# String Quartet



## Aramis

Segreto di Pulcinella

Full score in attachement, link to Finale playback below


__
https://soundcloud.com/aramistm%2Ftajemnica-poliszynela


----------



## Ukko

Hi, Aramis. Soundcloud uses non-standard plug-ins, which I choose not to download.

Youtube maybe?

I am music score illiterate, so the pdf is no help.


----------



## Aramis

I actually can't access my YouTube account and the only alternative uploading site I dig is soundcloud, so I'm afraid that playback won't be avaiable to hear anywhere else.


----------



## chillowack

This is one of those situations where the computerized sounds (especially in the beginning) are a bit of an impediment to enjoying what sounds like an interesting work. What program did you use to compose it?

In the beginning, it's a sad theme--it sounds like a dirge to me. There are some thought-provoking melancholy-sounding harmonies, and the pizzicato is interesting.

Then, toward the end, it suddenly jumps into a very bouncy, happy-sounding (in a weird way) part.

My overall impression is that your style is original and creative. I could rarely guess where this was going. I would call it an "experimental" style.


----------



## Aramis

Thanks. It's comforting to hear that the work makes impression of original and creative, considering that I was wondering if it's not too neoromantic.



> What program did you use to compose it?


Finale 2008


----------



## HarpsichordConcerto

Aramis is back. Well, well, well.


----------



## Aramis

HarpsichordConcerto said:


> Aramis is back. Well, well, well.


Just to get some feedback on my stupendous quartet, but so far it's not satisfactory (just one sensible comment from chillowack).


----------



## Head_case

Hi there,

interesting experiment. 

At first it sounds like Kate Middleton tripping down the altar. Perhaps it's less modern than I had somehow imagined it might be (given you love of Szymanowski). In any case, it's very listenable like music for a film score.


----------



## HarpsichordConcerto

Aramis said:


> Just to get some feedback on my stupendous quartet, but so far it's not satisfactory (just one sensible comment from chillowack).

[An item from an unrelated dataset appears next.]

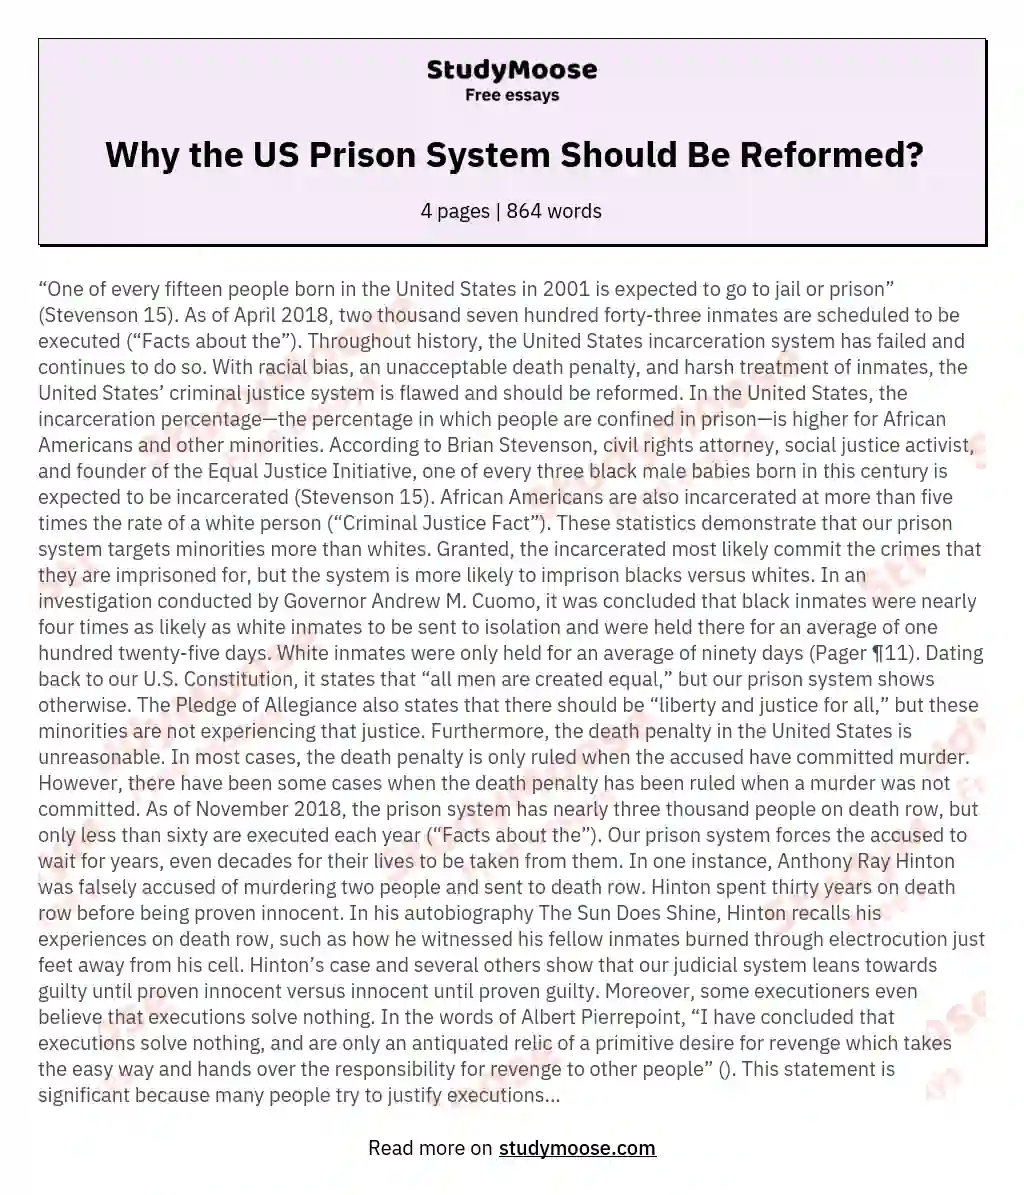 Why the US Prison System Should Be Reformed? essay

Is that your composition, which I missed? Unfortunately, I'm musically illiterate and musically uneducated (in a formal sense). But I have high hopes for it though, as you have done much to promote Polish Romantic music in particular (unlike many other pieces of junk that got posted around here by other banned members displaying their mediocrity; do a quick read in this sub-forum and you will see exactly what I mean and who I'm talking about).


----------



## Aramis

> Perhaps it's less modern than I had somehow imagined it might be (given you love of Szymanowski).


I don't particularly dig his quartets, they are my least favourite works of his so obviously I couldn't be influenced with them.



> Is that your composition, which I missed? Unfortunately, I'm musically illiterate and musically uneducated (in a formal sense).


Well, too bad because I was asking myself if my quartet is civilised or if it's not


----------



## violadude

Aramis said:


> Segreto di Pulcinella
> 
> Full score in attachement, link to Finale playback below
> 
> 
> __
> https://soundcloud.com/aramistm%2Ftajemnica-poliszynela


I don't know if you know this now, because this was months ago, but there's an impossible double stop in the viola part at measure 49 and elsewhere, that D and F# is unplayable. Also unplayable is the C# and F# on measure 93.


----------



## Nix

I'll jump on the bandwagon of pointing out purely technical things, which you may have figured out by now. The first chord is spelled C, F, G# and this is not theoretically correct, as it is essentially an f minor chord- so it should be C, F Ab... I know it's easier to spot these things when writing for piano, but the same rules apply for chamber and orchestral. And cellists can read tenor and treble clef, so putting things in 8va is unnecessary, and generally not found in cello music. 

On a more encouraging note, I'd be interested to hear a recording of this. You go to a music school, yes? Surely you could whip up an ensemble...


----------



## mtmailey

my string quartets are different there are four different instruments for them which are:violin.viola,cello & bass.


----------



## jdavid

Aramis, You can write! but of course you know that. I like _tajemnica-poliszynela_, (Pulcinella's Secret?) but I especially like the _Largo, molto cantabile_ b. 35 through b. 71 - and bars 64, 65, 66, 67 = very good, indeed - Would like to hear it on a real quartet. I look forward to hearing more of your music - have you posted other works with scores? I only joined this month.



Aramis said:


> Segreto di Pulcinella
> 
> Full score in attachement, link to Finale playback below
> 
> 
> __
> https://soundcloud.com/aramistm%2Ftajemnica-poliszynela


----------



## Aramis

Mmmm I didn't expect this thread to be ever bumped up but thanks for all feedback.

I generally consider this work to be far behind my current skills, though I still think it includes some nice passages which I wouldn't be ashamed to show someone. To answer Nix's question - no, I can't hope for performance, I'm not musical student. The quartet was finished last spring, then I was hoping to get it performed and tried to contact couple of people who could help me but despite good will I met with from one of those persons the other two (and they had much more possibilities) didn't do much and the whole thing ended with heavy disappointment.

I knew about this couple of unplayable notes which violadude kindly pointed but I didn't care to fix them after I lost perspectives for performance.



> I especially like the Largo, molto cantabile b. 35 through b. 71 - and bars 64, 65, 66, 67


It was my favourite part as well.



> I look forward to hearing more of your music - have you posted other works with scores? I only joined this month.


Yes, I did post other stuff of mine, sometimes with scores:

http://www.talkclassical.com/15139-concert-aria-polonaise-piano.html
http://www.talkclassical.com/13319-prelude-romance-flute-piano.html


----------